The problem:
Please take the lines from the one holding "Sentimental Physician Silver" through the one holding "Hot Chocolate Stand" in the data below and copy them exactly.

Data for this exercise:
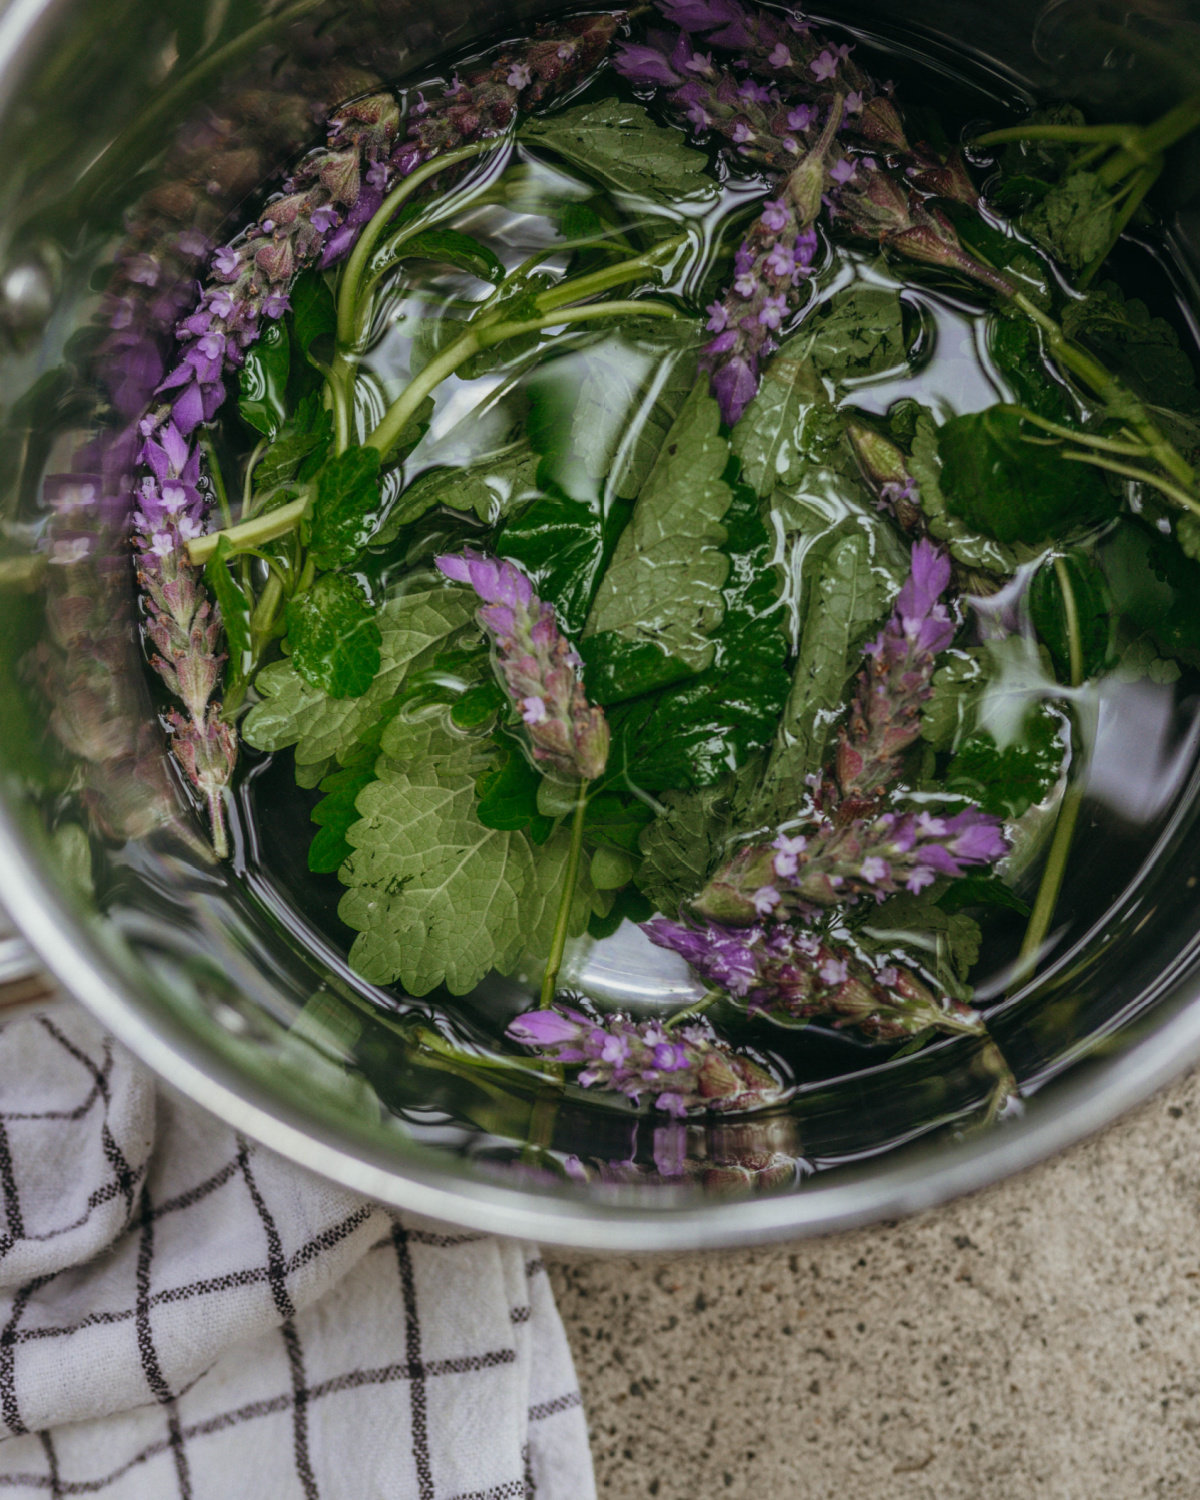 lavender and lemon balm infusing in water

* * *

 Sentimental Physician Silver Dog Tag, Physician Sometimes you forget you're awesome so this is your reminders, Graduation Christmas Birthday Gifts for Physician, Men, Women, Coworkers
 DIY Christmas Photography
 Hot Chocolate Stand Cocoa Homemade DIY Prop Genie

* * *

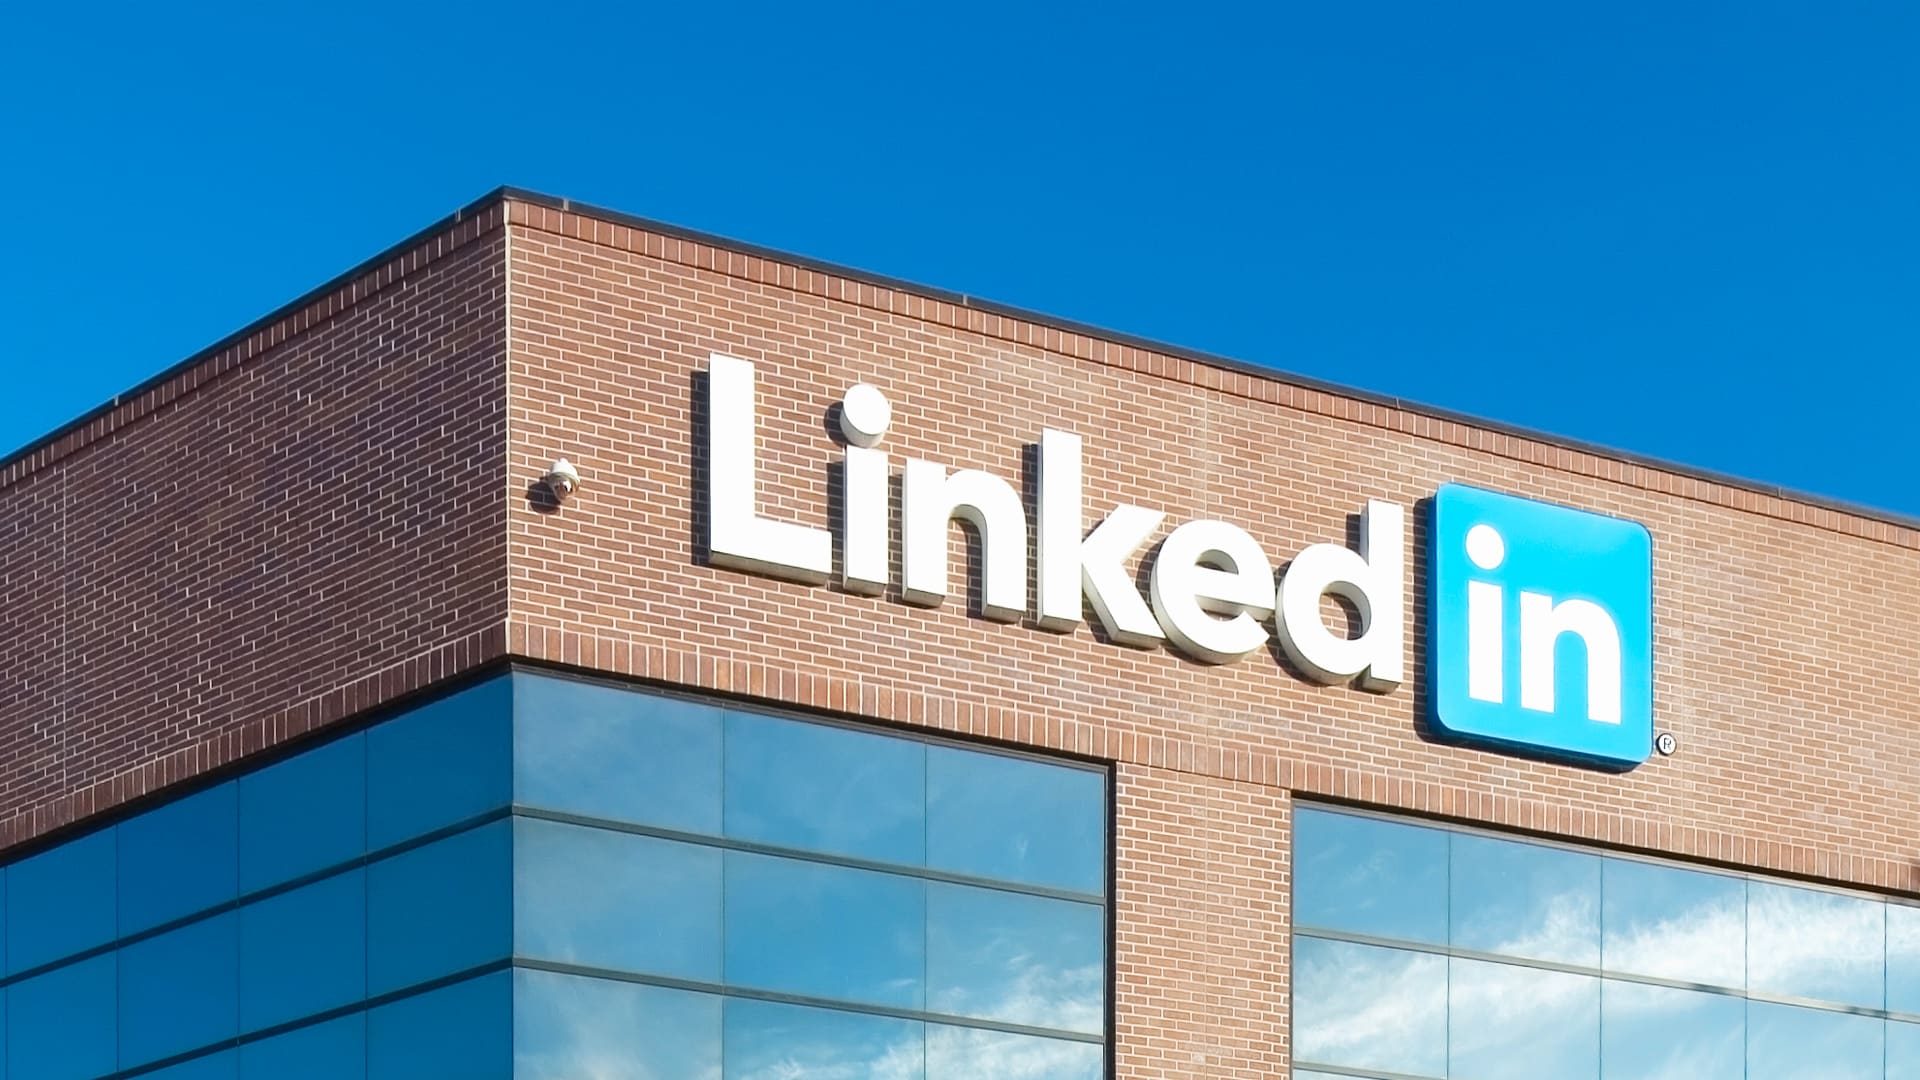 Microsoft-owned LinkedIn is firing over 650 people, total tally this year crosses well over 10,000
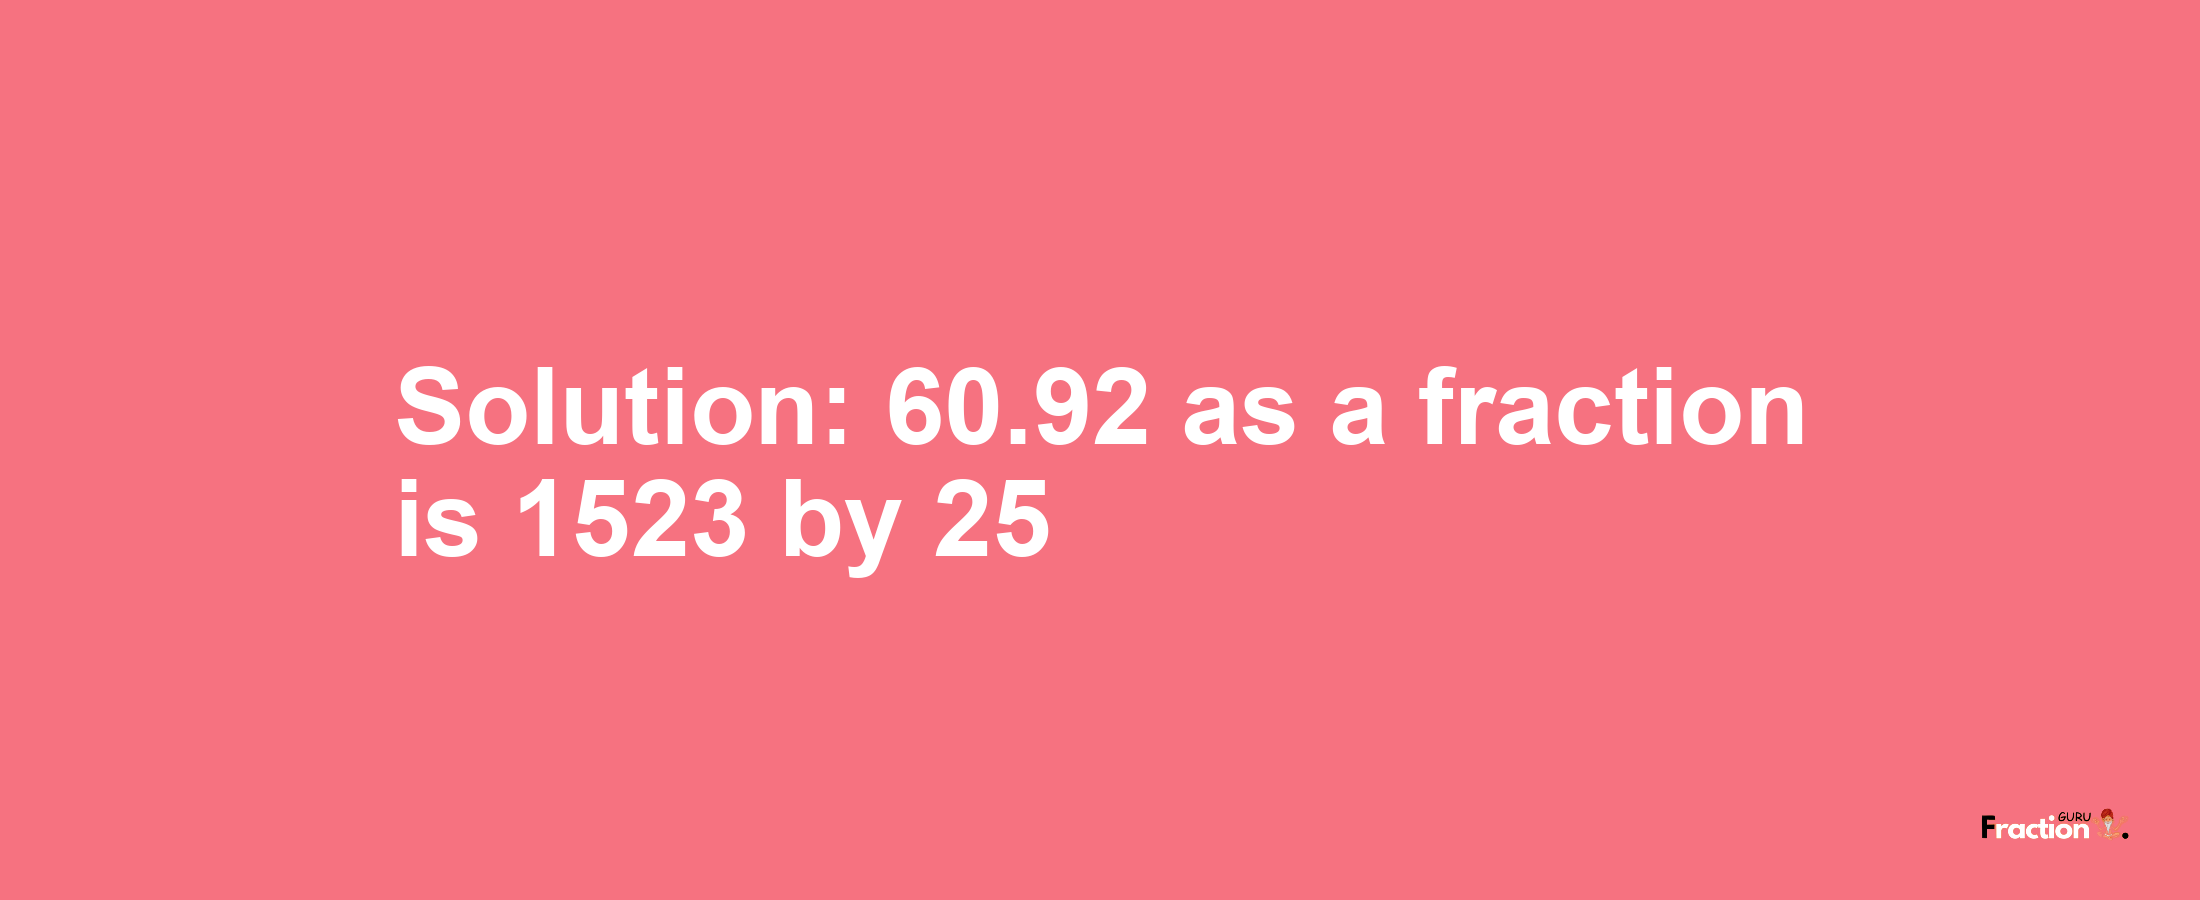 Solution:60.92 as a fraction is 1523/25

Reply:
 Sentimental Physician Silver Dog Tag, Physician Sometimes you forget you're awesome so this is your reminders, Graduation Christmas Birthday Gifts for Physician, Men, Women, Coworkers
 DIY Christmas Photography
 Hot Chocolate Stand Cocoa Homemade DIY Prop Genie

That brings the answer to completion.